It’s happening again, of course. The latest dying-fish twitch of the UK government is to resume its attack on arts education. Education Secretary Gillian Keegan has just announced not only cuts in funding to creative arts courses, but also to a scheme which aims to widen access to higher education for students from less advantaged backgrounds. Levelling up, anyone?
The Arts’ Economic Value
This makes no sense on any level. As the Arts Council UK has shown, the arts and culture industries contribute £10.6 billion to the UK economy. You would have thought that those figures at least would appeal to a monetary value-obsessed government.
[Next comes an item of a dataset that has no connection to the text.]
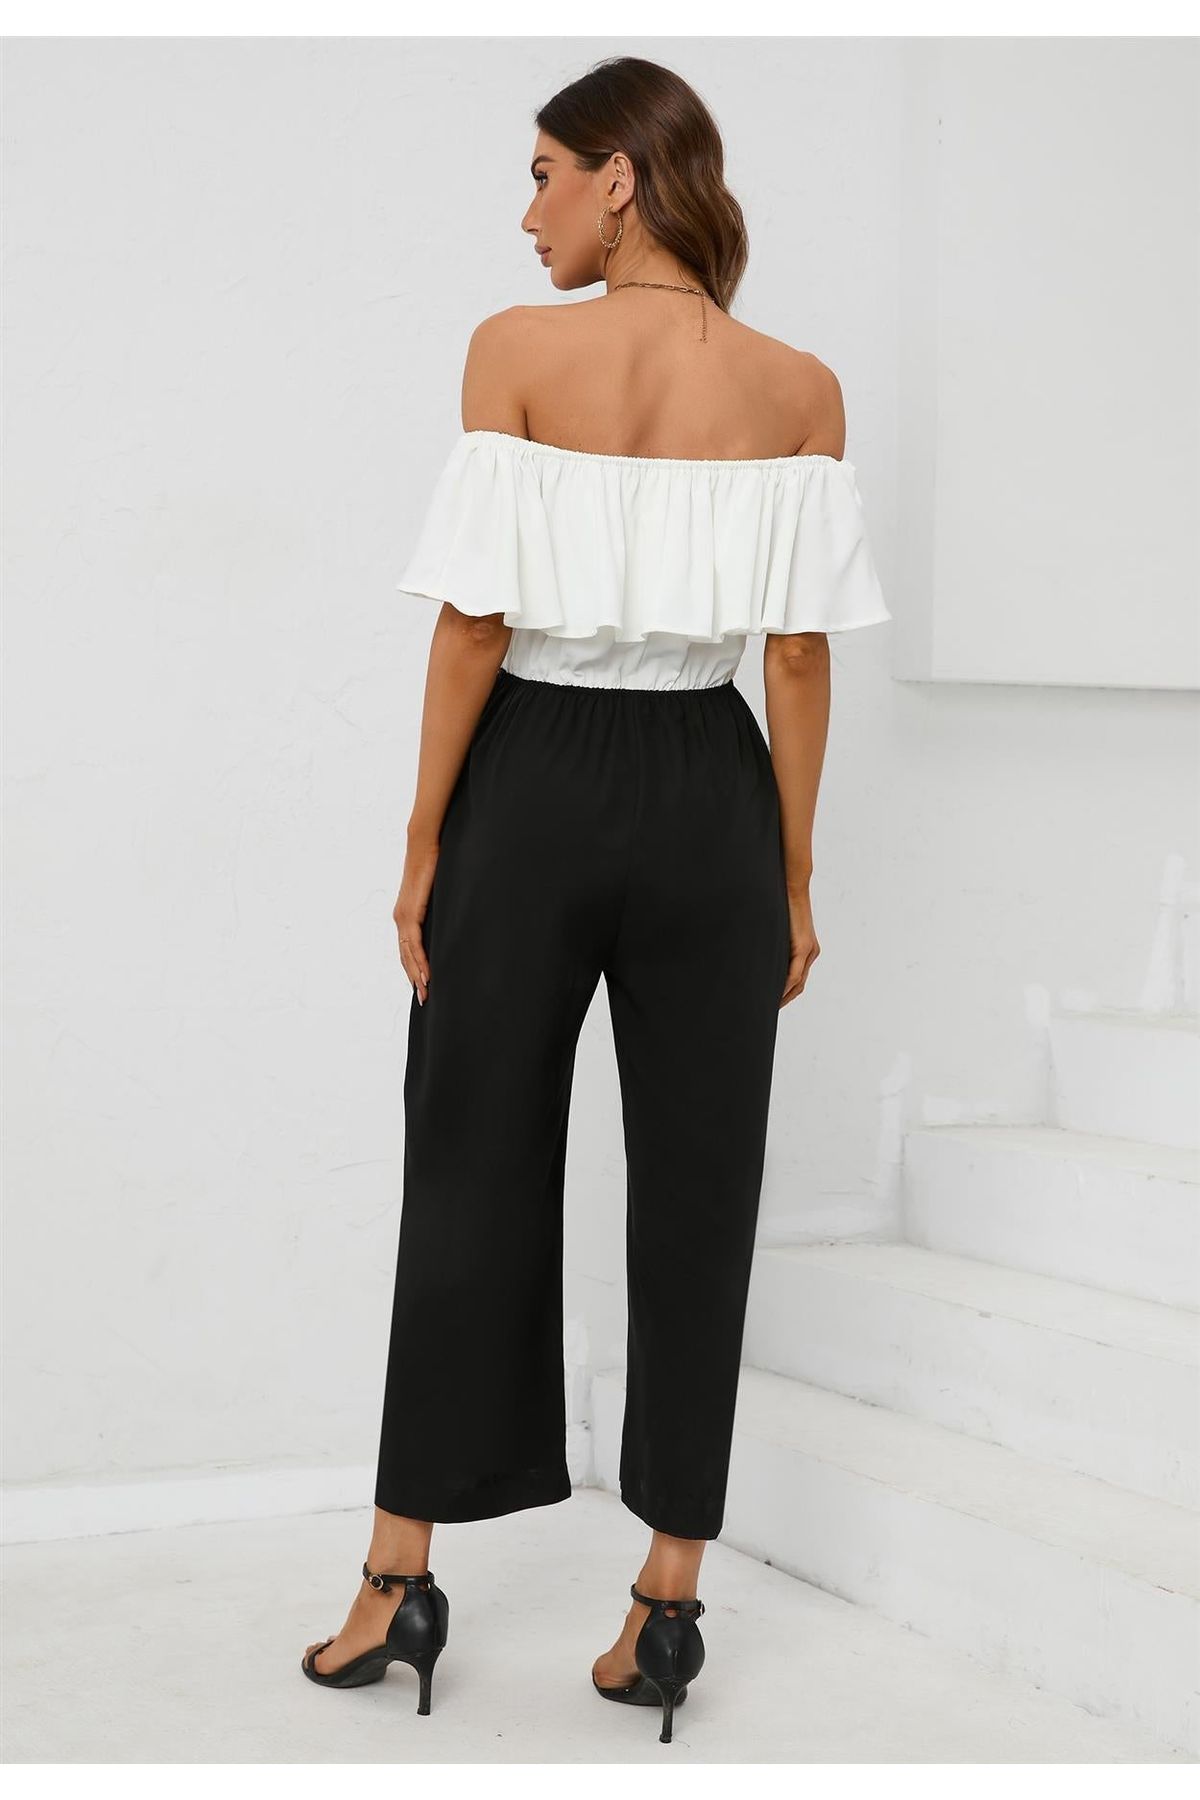 Black Contrast Off The Shoulder Ruffle Jumpsuit In White FS543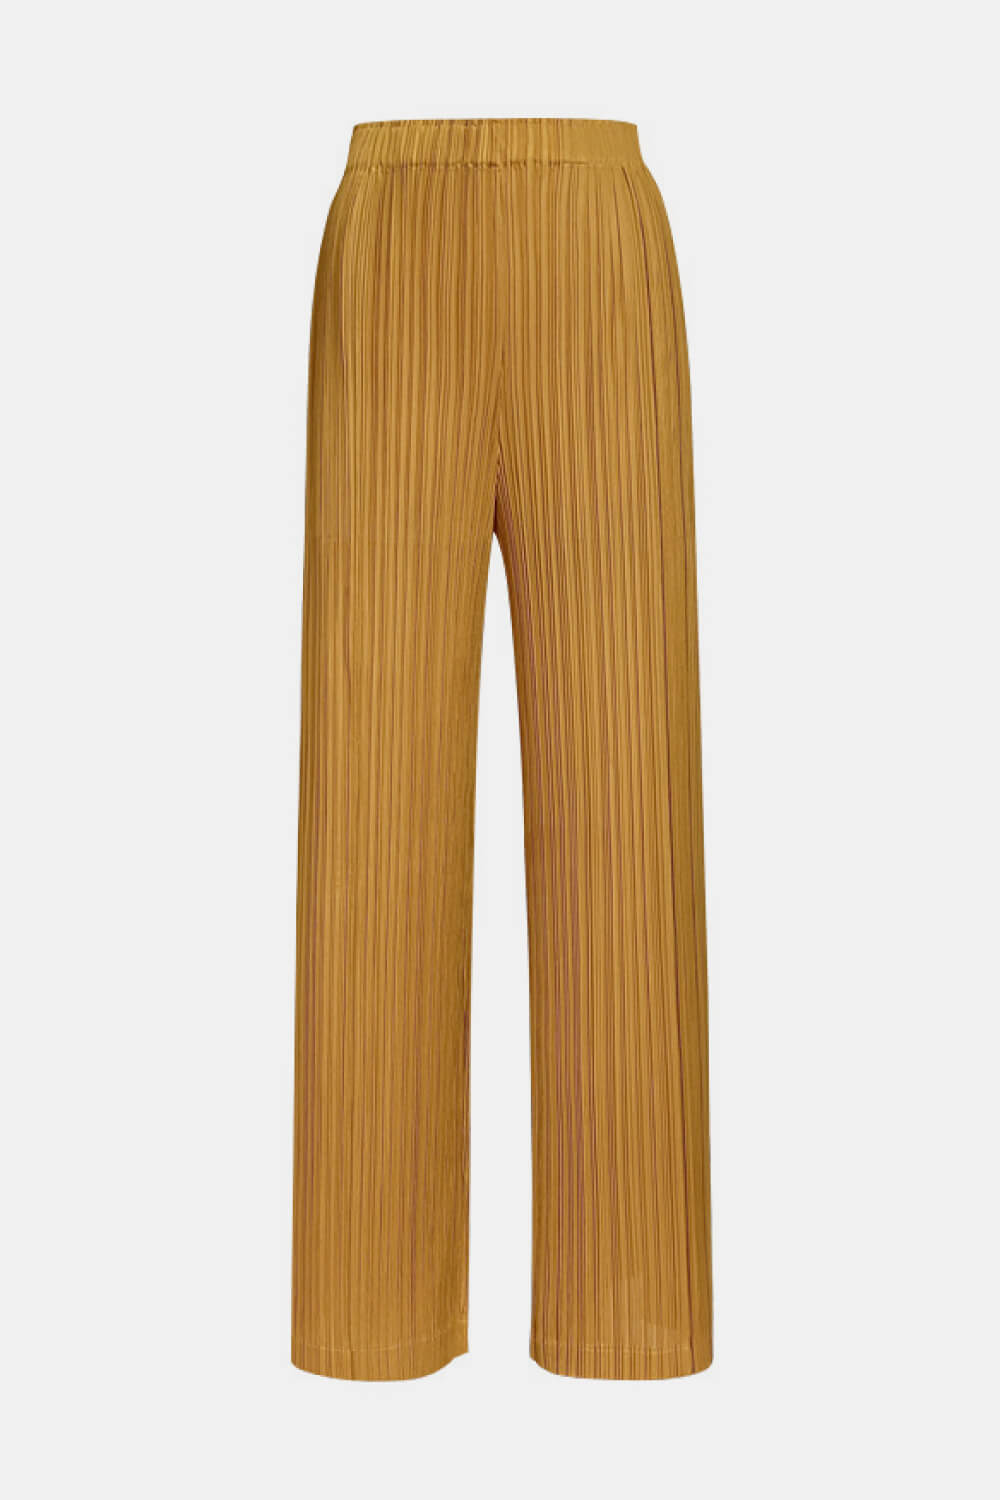 Post- The Modhemian How to Wear Hight Waisted Pleated Pants, and

The Arts Council also points out that arts and culture, through theatres, museums, galleries and libraries, provide the civic pride and sense of place which make communities thrive. However, there have been many signs that the current government is not really interested in civic pride outside London or in tackling social injustice. Equally, the UK’s creative industries are renowned worldwide and are an important export – though of course the exchange of culture with Europe has deep deeply hampered by Brexit.
Even the House of Lords is more alert than the government in the House of Commons. One of their reports points out that film and TV turns over £20.8 billion and employs 283,000 people. For publishing, it’s £11.6 billion and 209,000 people, and for music and performance it’s £11.2 billion and 283,000 people for example. Yet the government seems to think that these activities and industries are not worth investment.
Applying the Science
We have data on what artistic companies spend and what their income is, but harder to pin down than the raw economics of the arts is the value to the people of a community.
Visiting a free museum, walking past a historic building, going to a theatre: these activities bring enjoyment to many people, and are often supported by public funding. The presence of historic buildings and cultural facilities can also be important to local communities even if they do not directly use or visit them.
This research does a remarkable job of placing a monetary value on people’s value of the cultural assets of their communities.
That is still about the money, though. Surely it’s impossible to quantify the value to our feelings, our sense of satisfaction, our well-being? Apparently not. Neuroscientists have taken on that problem and shown that ‘Empirical research on art appreciation can … be used to show that engagement with art has specific social and personal value, the cultivation of which is important to us as individuals, and as communities.’
As Charlotte Higgins in The Guardian points out, visits to museums, theatre performances, concerts and libraries are fundamental to how communities see and shape themselves and need to be valued:
It is about offering people ideas beyond their immediate experience – ideas that can bring delight, hope and joy, but also spark individuals’ ambitions, or suggest possibilities beyond their immediate horizon.
The arts are, of course, the way humanity has been seeing itself and shaping itself to its changing environment since the beginnings of time.
Lessons from Hollywood
Despite the research to measure the economic impact of culture, perhaps this is the wrong approach. Sam Ladkin, senior lecturer in creative and critical writing at the University of Sussex, argues that it is:
Art is a victim of audit culture … What’s wrong with how we judge the arts is the fact that we believe something is justifiable only if it can be translated into money.
This comment is included in this piece from Harper’s Bazaar, which considers the low pay and lack of stability for many people who work in the arts. The Hollywood actors’ and writers’ strikes for fair pay and recognition made it clear that for every millionaire celebrity A-lister, there are hundreds of workers who struggle to make a proper living in the same industry.
What fascinates about these moments in Hollywood is how far reaching their implications are. The questions raised by the strike action, and the vast scale of them, are profoundly resonant to the arts in general and how much we value them – or don’t. Because if we no longer ascribe any intrinsic worth to the people who have meticulously crafted what we read, watch and enjoy, what does that say about how highly we think of the arts in society?